How does a dog get stolen? Starts with someone wanting your dog. Then you assume that your dog is safe.. afterall, who steals a dog?

I am not entirely sure how it was done as I wasn't here. One great way to give someone an opportunity though, is to have a pattern or a schedule.

I learned the hard way that having a schedule and a routine, and being stupid and ignoring things, dismissing stuff as "stupid kids" because similar had happened before. Assuming your dog is safe in a large yard lined with chain link + barbed wire fencing for half an hour. 

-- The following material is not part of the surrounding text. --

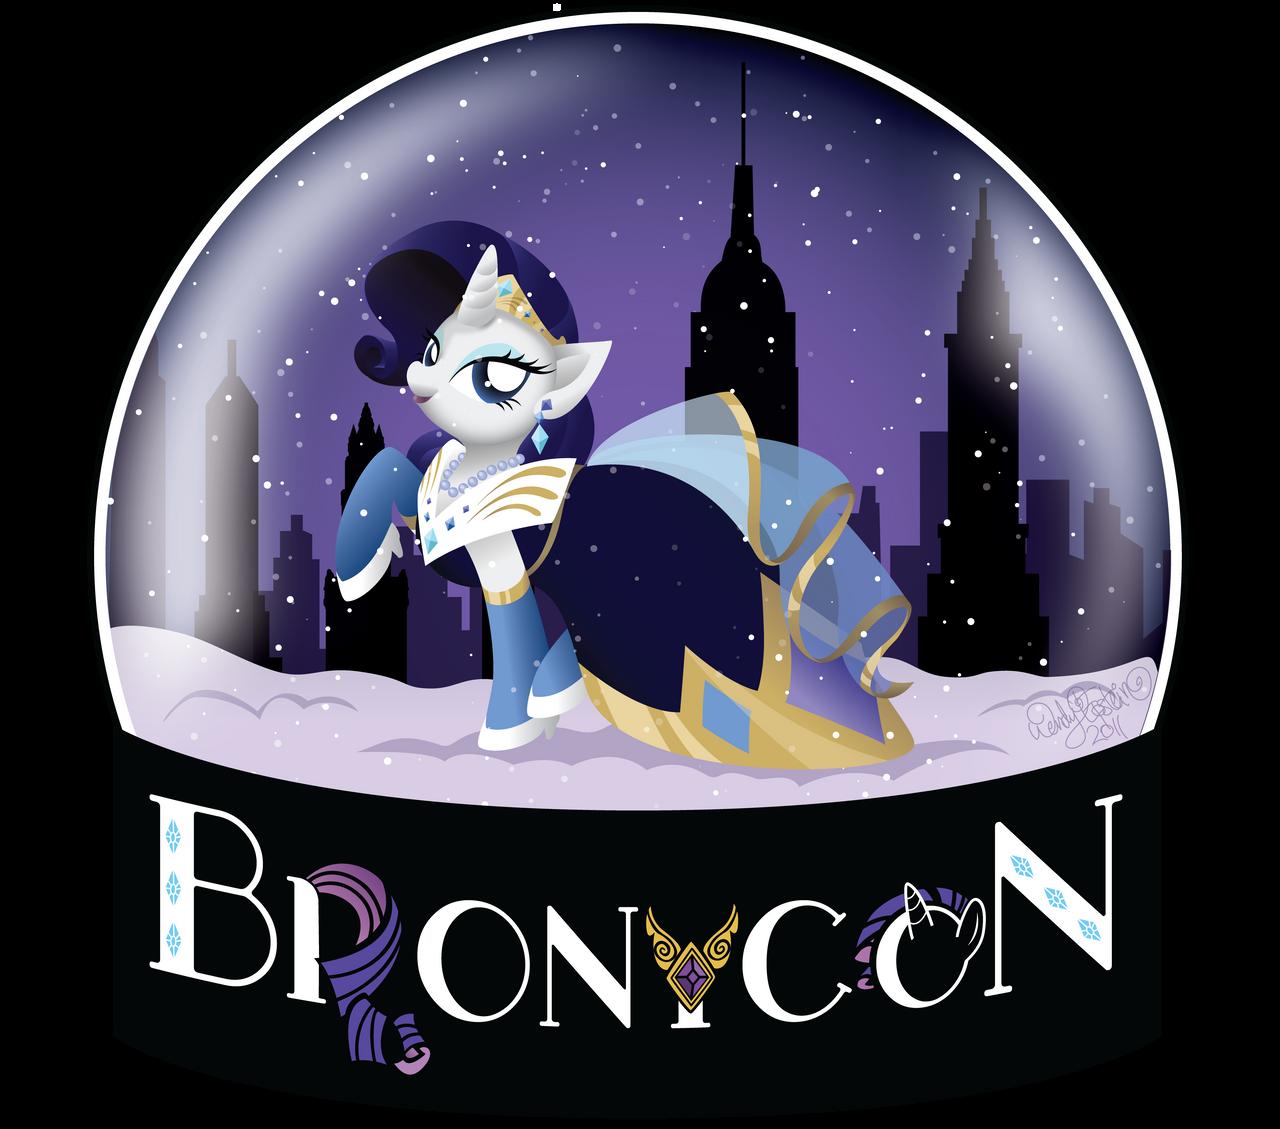 Bronycon Logo   www.imgkid.com - The Image Kid Has It!

I was not home, I was house sitting and spent several nights at the house but always came back in the mornings to care for the dogs. I had my brother let the dog out as he was used to being let out, at 7:30. But while I would always keep an eye on him my brother took a shower. I get home, front gate lock is cut, my dog is gone.


----------



## Donna Rednour (Feb 12, 2008)

Bob Scott said:


> I think David hit the nail on the head. "Attitude"!
> My older dog knows everybody at club but not everyone could get him out of my car. Most of the ones that couldn't do it, don't believe they could do it.
> To add to what kadi said, I've seen a number of snarling monsters at the air port that have been no problem at all with the right attitude and a bit of food.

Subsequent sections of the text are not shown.